The task: Copy whichever lines of the data hold the word "Feast".

Data under study:
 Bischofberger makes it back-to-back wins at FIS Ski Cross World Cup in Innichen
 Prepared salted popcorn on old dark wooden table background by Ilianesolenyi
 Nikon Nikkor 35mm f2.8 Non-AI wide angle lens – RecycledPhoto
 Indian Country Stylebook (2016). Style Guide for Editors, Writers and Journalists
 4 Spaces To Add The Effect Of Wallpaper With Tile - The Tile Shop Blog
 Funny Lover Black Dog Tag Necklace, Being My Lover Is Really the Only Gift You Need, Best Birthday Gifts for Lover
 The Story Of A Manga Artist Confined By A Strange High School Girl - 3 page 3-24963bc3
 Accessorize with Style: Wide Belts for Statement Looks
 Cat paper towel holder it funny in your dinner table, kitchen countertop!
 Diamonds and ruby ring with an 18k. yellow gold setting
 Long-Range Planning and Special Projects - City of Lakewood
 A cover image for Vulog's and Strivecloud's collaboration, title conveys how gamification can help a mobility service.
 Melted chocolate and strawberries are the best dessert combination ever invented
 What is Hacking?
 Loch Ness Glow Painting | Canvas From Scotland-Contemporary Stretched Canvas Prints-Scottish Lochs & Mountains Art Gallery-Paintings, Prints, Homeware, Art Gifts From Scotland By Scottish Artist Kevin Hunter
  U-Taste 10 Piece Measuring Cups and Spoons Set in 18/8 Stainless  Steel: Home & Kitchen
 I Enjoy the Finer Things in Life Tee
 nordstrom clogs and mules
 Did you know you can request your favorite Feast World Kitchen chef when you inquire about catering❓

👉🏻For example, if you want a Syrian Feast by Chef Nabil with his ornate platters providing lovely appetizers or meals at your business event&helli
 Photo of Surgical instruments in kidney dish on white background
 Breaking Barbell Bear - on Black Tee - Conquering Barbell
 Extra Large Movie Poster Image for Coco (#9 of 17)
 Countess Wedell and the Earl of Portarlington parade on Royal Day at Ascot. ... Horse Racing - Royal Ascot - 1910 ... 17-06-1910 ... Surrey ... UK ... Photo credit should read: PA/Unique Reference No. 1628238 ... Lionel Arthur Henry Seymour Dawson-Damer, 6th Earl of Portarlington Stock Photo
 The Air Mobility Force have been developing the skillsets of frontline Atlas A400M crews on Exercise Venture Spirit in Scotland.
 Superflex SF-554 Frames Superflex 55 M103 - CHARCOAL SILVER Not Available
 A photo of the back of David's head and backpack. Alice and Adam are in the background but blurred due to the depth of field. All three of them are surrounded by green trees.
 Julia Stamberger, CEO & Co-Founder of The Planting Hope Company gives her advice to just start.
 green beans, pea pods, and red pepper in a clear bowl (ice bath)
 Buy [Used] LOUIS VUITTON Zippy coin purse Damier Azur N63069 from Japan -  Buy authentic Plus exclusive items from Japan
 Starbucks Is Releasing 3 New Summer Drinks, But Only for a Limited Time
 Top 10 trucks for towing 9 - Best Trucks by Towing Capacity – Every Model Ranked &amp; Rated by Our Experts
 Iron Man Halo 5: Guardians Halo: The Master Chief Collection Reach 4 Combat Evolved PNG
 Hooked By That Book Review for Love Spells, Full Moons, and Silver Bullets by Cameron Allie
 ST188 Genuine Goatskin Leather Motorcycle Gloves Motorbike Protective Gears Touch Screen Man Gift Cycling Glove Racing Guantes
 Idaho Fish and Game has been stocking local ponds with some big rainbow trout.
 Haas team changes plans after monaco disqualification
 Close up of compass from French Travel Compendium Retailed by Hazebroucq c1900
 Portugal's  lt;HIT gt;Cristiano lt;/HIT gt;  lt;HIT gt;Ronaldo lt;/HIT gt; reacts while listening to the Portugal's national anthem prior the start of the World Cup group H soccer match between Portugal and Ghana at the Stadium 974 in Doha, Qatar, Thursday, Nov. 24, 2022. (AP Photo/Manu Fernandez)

Solution for this task:
 Did you know you can request your favorite Feast World Kitchen chef when you inquire about catering❓
👉🏻For example, if you want a Syrian Feast by Chef Nabil with his ornate platters providing lovely appetizers or meals at your business event&helli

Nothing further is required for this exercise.